◆ What is expected: For the entries below, the result should be an exact transcription of the lines from the one with "Chennai Super Kings Cricket" up to and including the one with "Cyberpunk motorcycle art фото 39", and only those.

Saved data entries

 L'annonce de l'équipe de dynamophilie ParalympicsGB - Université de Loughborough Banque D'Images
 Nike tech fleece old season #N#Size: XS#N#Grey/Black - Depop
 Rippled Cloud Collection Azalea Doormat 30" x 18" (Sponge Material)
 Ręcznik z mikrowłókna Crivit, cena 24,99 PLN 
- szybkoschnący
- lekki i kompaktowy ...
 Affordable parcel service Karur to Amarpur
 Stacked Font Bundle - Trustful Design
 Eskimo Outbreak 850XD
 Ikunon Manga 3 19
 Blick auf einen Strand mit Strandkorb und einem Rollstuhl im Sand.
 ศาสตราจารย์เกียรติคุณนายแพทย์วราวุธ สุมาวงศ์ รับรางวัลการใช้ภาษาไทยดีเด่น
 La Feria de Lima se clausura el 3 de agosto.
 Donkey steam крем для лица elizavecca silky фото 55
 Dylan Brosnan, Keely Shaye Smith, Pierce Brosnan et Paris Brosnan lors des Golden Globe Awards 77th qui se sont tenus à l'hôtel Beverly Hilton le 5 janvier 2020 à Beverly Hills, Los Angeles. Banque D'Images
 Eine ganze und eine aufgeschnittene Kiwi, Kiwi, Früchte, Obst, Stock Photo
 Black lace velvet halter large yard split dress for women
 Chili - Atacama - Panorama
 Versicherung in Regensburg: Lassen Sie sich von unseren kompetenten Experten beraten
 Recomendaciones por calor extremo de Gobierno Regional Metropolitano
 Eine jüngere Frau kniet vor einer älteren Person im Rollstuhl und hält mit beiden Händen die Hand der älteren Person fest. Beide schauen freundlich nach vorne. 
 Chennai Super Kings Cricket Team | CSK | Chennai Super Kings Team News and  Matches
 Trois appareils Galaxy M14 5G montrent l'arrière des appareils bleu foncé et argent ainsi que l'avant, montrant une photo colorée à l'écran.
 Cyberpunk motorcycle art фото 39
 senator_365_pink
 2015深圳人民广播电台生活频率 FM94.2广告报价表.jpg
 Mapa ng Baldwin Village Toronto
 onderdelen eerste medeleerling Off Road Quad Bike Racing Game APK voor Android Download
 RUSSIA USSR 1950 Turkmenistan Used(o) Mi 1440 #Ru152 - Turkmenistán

◆ The answer:
 Chennai Super Kings Cricket Team | CSK | Chennai Super Kings Team News and  Matches
 Trois appareils Galaxy M14 5G montrent l'arrière des appareils bleu foncé et argent ainsi que l'avant, montrant une photo colorée à l'écran.
 Cyberpunk motorcycle art фото 39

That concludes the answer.